A few days ago a local skeptic group here in Brooklyn organized a roundtable discussion on the concept of the paranormal. We thought this was going to be a chat about what people mean by that term, how one goes about investigating alleged cases of paranormal happenings, and so on.
We were in for a surprise. Turns out that a couple of real believers in the ghosts and the afterlife showed up, a somewhat rare opportunity to sit down with “the other side” and have a probing conversation to find out about what brings people to believe weird things.
“The psychic told me things nobody could have known” was one of the first refrains of the evening. To which of course I immediately asked for examples of these allegedly unknowable things that the psychic somehow managed to know. The person in question explained that the psychic had described her grandfather's character in fairly precise ways, though she couldn’t recall an example of any specific character attribute that was so unusual about her grandfather. Moreover, it turns out that she had never actually known her grandfather, and that her conviction that the psychic got it right was based on her comparing notes taken at the time with a conversation she had a year later with her sister, who had known their grandfather (presumably, as a child). Hmmm, not exactly the sort of thing that would clinch a court case.
It got worse. The husband of this nice woman (himself a very nice man), said he absolutely knew that a dear friend of theirs who had died was still around, making his presence felt. Naturally, I asked for an example of such an extraordinary happening. “Well, one day I felt like a flick behind my ear, and I just knew it was him.” That’s it? No, there was more. His wife one day had been given a penny and had felt a strange sensation in receiving it. Upon turning it over, she discovered that the penny was made in the same year of their friend’s birth. How else would you explain such an extraordinary coincidence?
At that point I trotted out the standard skeptical arguments. I don’t know exactly what happened in those cases, because I was not there and it is not possible to investigate the matter thoroughly enough after all this time. Still, I suggested, you are making an extraordinary claim based on very scant evidence, and I can easily think of very ordinary explanations for what you just told me (e.g., I told them about the technique of “cold reading” by psychics, and another attendee talked about the confirmation bias of remembering hits and forgetting misses — to no avail).
“But you can’t prove it isn’t so.” Right, I cannot, I replied, but you cannot prove that there are no unicorns in the universe either, and yet you probably don’t believe in unicorns, or even seriously entertain the possibility of their existence. In other words, one has to provide positive evidence when making a claim for the existence of a phenomenon; relying on the fact that it can’t be disproved is setting the bar so low that pretty much anything would be able to jump over it.

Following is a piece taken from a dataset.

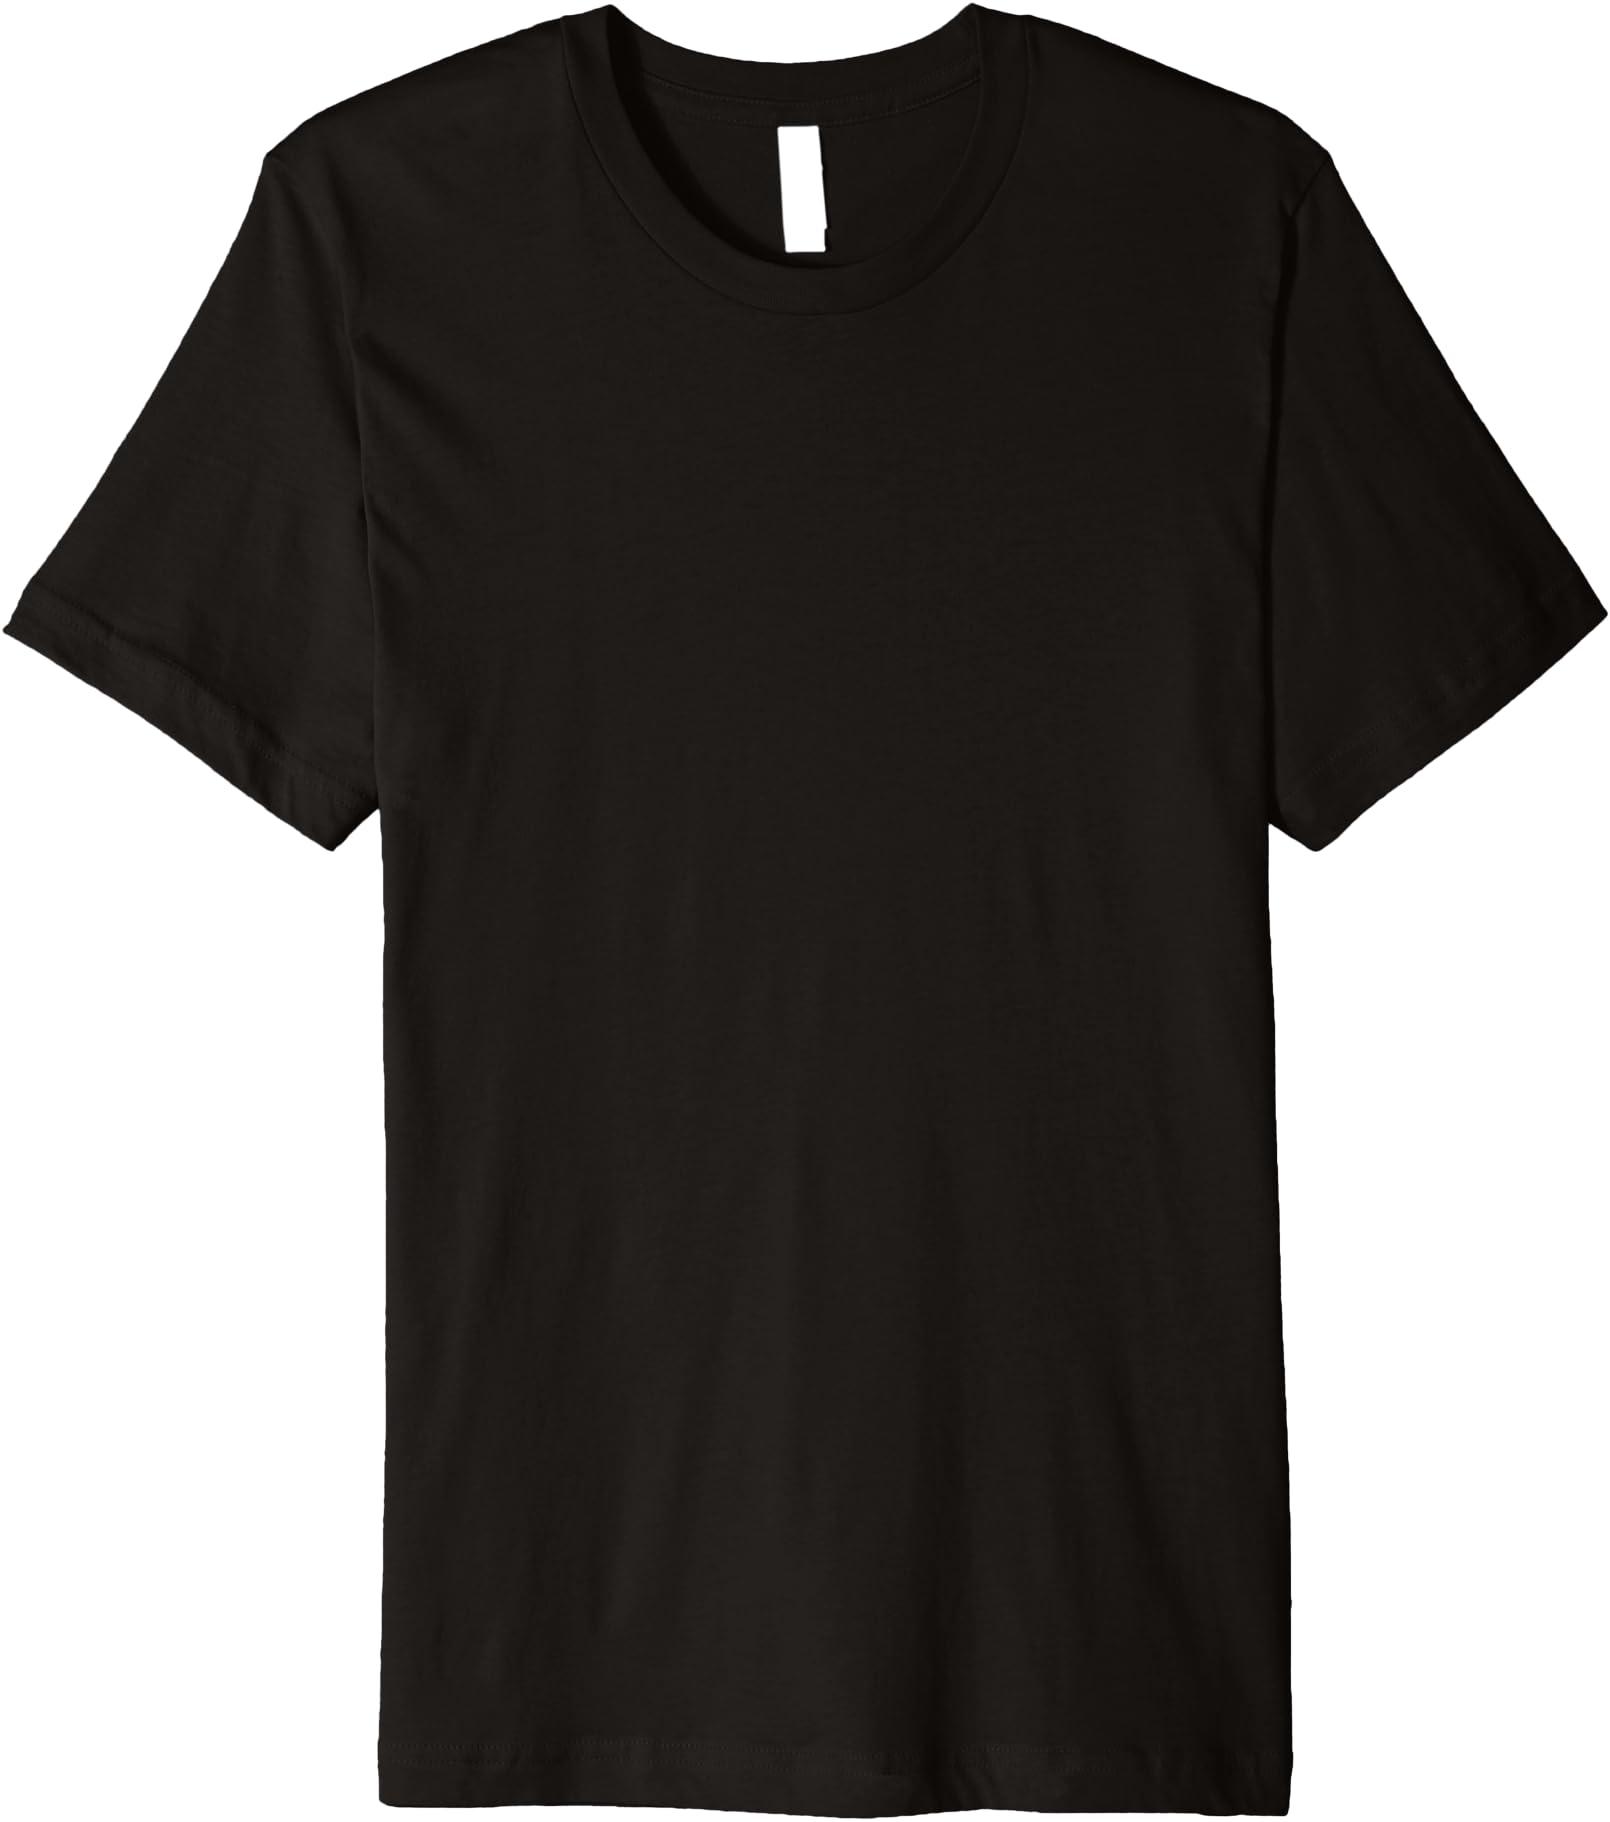 Tie Dye Dog Paw Short Sleeves Shirt Girls Boy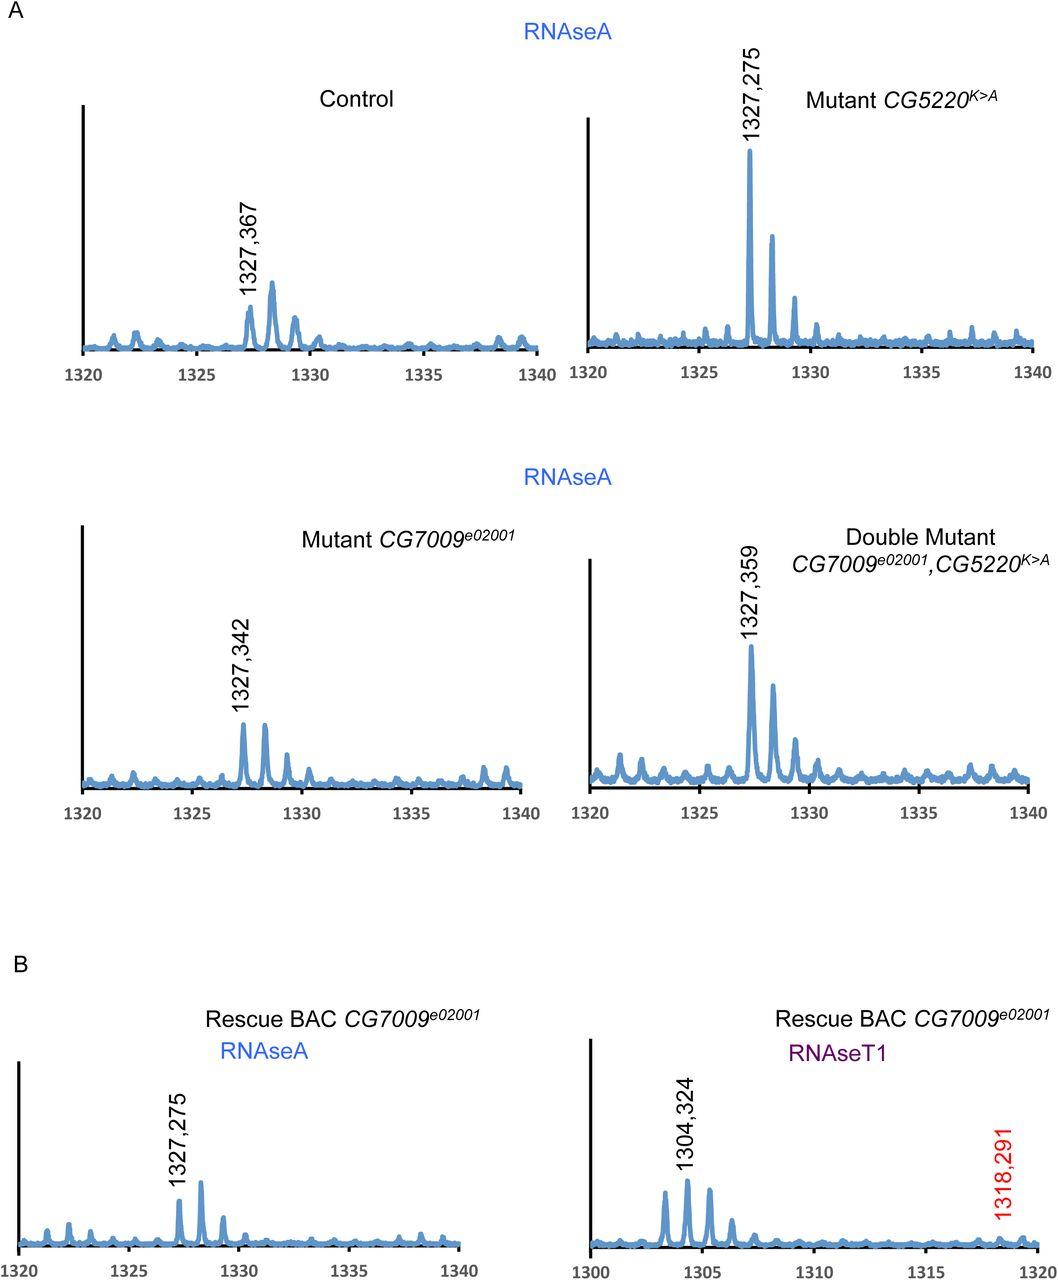 tRNA 2'-O-methylation modulates small RNA silencing and life span in on

At this point our paranormalist friends tried yet another common tactic: “But Benjamin Franklin spent the last years of his life trying to get in touch with the dead, and he was a really smart man, so...” I don’t know enough about Benjamin’s biography to actually comment on how he spent his last few years, though there certainly is evidence that he believed in an afterlife (as do most people). But of course the broader point can be defused by simple counterexamples: the astronomer Johannes Kepler was a really smart guy, and yet he believed in astrology. Isaac Newton is considered one of the greatest scientists of all time, and yet he spent more time on alchemic experiments than on physics. And so on and so forth.
We could turn this discussion into a serious debate about epistemology and standards of evidence, but this isn’t what it is all about. We live in a country where a large number of people still don’t believe President Obama is a citizen, despite his birth certificate having been broadcasted all over the airwaves and the internet. On the other side of the political spectrum, plenty of liberals still believe that Bush and Cheney purposely caused 9/11 so that they could start their war on Iraq (as if they actually needed an excuse).
No, the problem is that people want to feel special. Being among the few who “get” that the government is conspiring against the nation, or that the 2008 election was a scam, makes some people feel better about the fact that they really have little or no control over such large events as wars and elections (and indeed, even, largely, over their own lives). At a more personal level, it was clear to me that our paranormalist friends really missed their dead friend, and naturally wanted to believe that he was still around, no matter how flimsy the evidence. I understand, I feel that way about my grandparents too, and it is painful every time I dream of them (which is often) and am reminded that I will never see them again.
But what is the problem with people lowering their critical threshold that much in order to accept comfortable beliefs? I think there is a problem, which is why I started a second blog self-explanatorily entitled “Gullibility is Bad for You.” At a societal level, we see the damage to our political discourse and social fabric that has been done by both the “birthers” and the 9/11 “truthers.” At a personal level, people waste money, time and emotional energy in pursuit of a chimera, and are easily taken advantage of by unscrupulous (or even well meaning but self-deluded) “medium” and “psychics.”
Still, it is really hard to tell someone that his beloved friend, or mother, or wife is gone, forever. That the only thing that remains is the memories, and even those will only last as long as the people who’ve met the person in question. It’s the perennial red pill vs. blue pill philosophical conundrum that Morpheus puts to Neo in “The Matrix.” For my part, I have decided a long time ago to take the red pill. But it is bitter.